Photo: The proposed Adirondack Club and Resort in Tupper Lake.

Related Stories

Community news stories come from press releases and other notices from organizations, businesses, state agencies and other groups. Submit your contributions to Almanack Editor Melissa Hart at editor@adirondackalmanack.com.

5 Responses

  1. Paul says:

    Incorporating some of what is known about how to monitor and analyze environmental impacts and to limit them could (and perhaps) should be incorporated into the act.

    But back in 1973 it was already known that less development is going to have less environmental impact. That is not a new concept that has emerged over the past thirty years. The compromise that was made by the legislature said that “this” amount of development is what we want to be allowed someday if it is going to happen. Now that some of it is happening (maybe) doesn’t mean that the legislature should now renig on the compromise that was made? Like I said they have already made changes to the Act and the rules along the way. Now it looks like they are hoping for a more wholesale tightening. They should just be a bit more truthful in some of their premise here. For example there is now far more land off limits to development than there was in 1973.

    In fact this recent ACR permit took more land out of development than it asks to develop. Most of these very large lots are required under the deed (so for even future owners) to remain undeveloped.

  2. brsacjab says:

    Gee, the Adirondack interlopers Council makes statements that are at best incorrect interpretations and at worst bold faced lies. It’s the thing they are most consistent about. The best thing that can be said about their statements is that you can see residents and reasonable peoples opinion by simply inverting the AC’s statements.

  3. Paul says:

    Even if you look at the APA Act you will see this on the cover:

    “As amended through the close of the 1998 legislative session”

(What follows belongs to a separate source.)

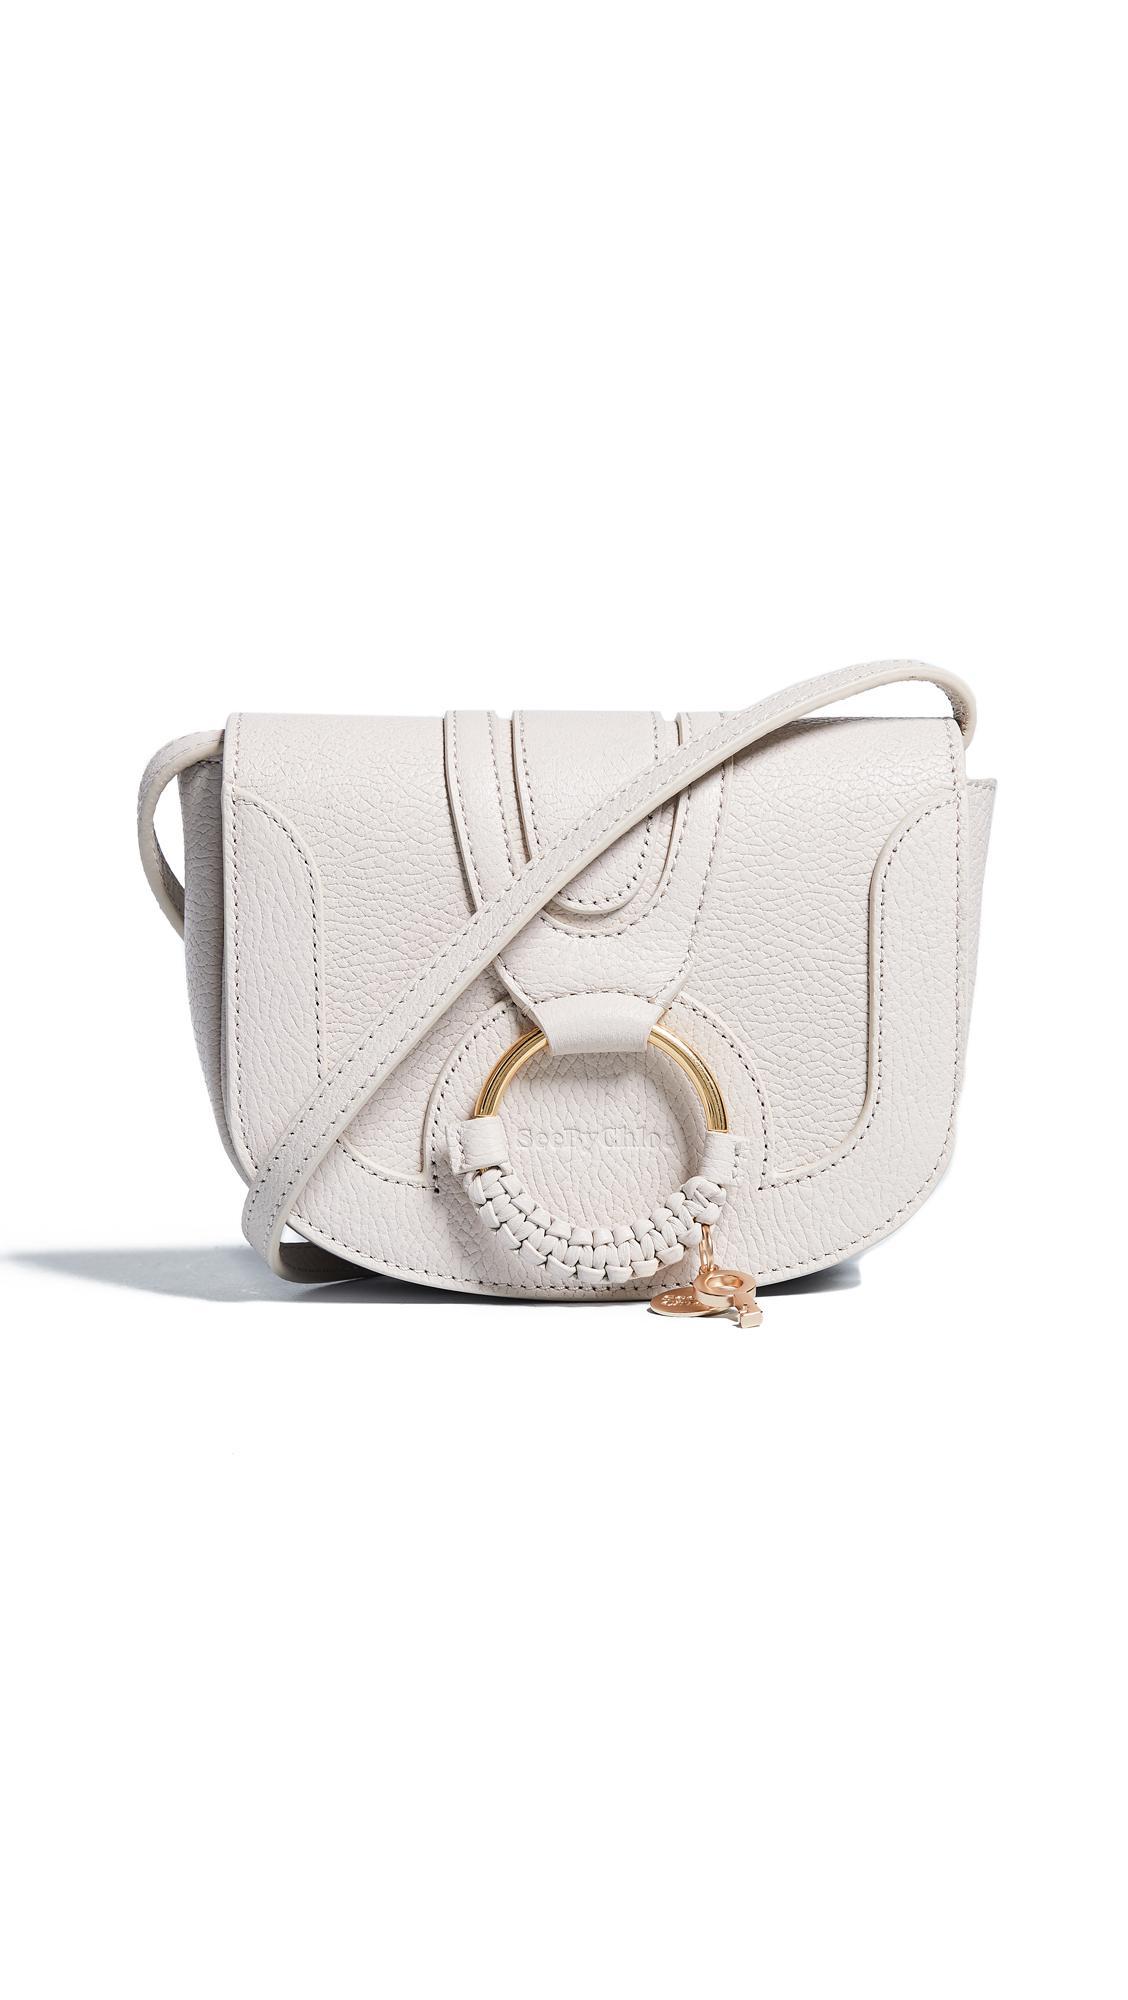 8e472c0ba1f1a See By ChloÉ Hana Mini Saddle Bag In Cement Beige | ModeSens

    I am not sure what Brian is talking about here?

    John, where did you see this announcement was it just at their website?

  4. Will Doolittle says:

    “It proposes to build 650 homes and resort facilities near a ski hill, on a footprint half the size of Manhattan.”
    So, how did the APA Act not work to protect the wilderness? If you wander around an area half the size of Manhattan, with nothing there but forest, 650 homes and facilities for one resort, you are, essentially, wandering around in wilderness. You could walk for hours and not stumble across any houses. Because of the APA Act, the developers were forced to leave the forest almost entirely intact. Only a banning of all development altogether, or something very close to it, could have worked better to preserve the forest. And wasn’t the intent of the APA Act to leave some room for development at the same time as preserving the wild character and natural environment of the Park? It seeems to me, in this case, the law worked well.

  5. Paul says:

    “None of those rules has been amended since 1978”

    That isn’t true. Weren’t the boathouse regulations amended last year? Weren’t the rules regarding “pre-exisiting” shoreline structures change the year before that?

    “Tourism is our number one industry here.”

    Again this isn’t true either. It is a very important part of the Adirondack economy but it is not number one? It could be in the future but it isn’t now.

    “Fix the APA’s recently slackened enforcement program ”

    Here is another one. The APA has had a far more aggressive enforcement program over the past few years and the data prove it.

    It seems like many of the assumptions here are flawed.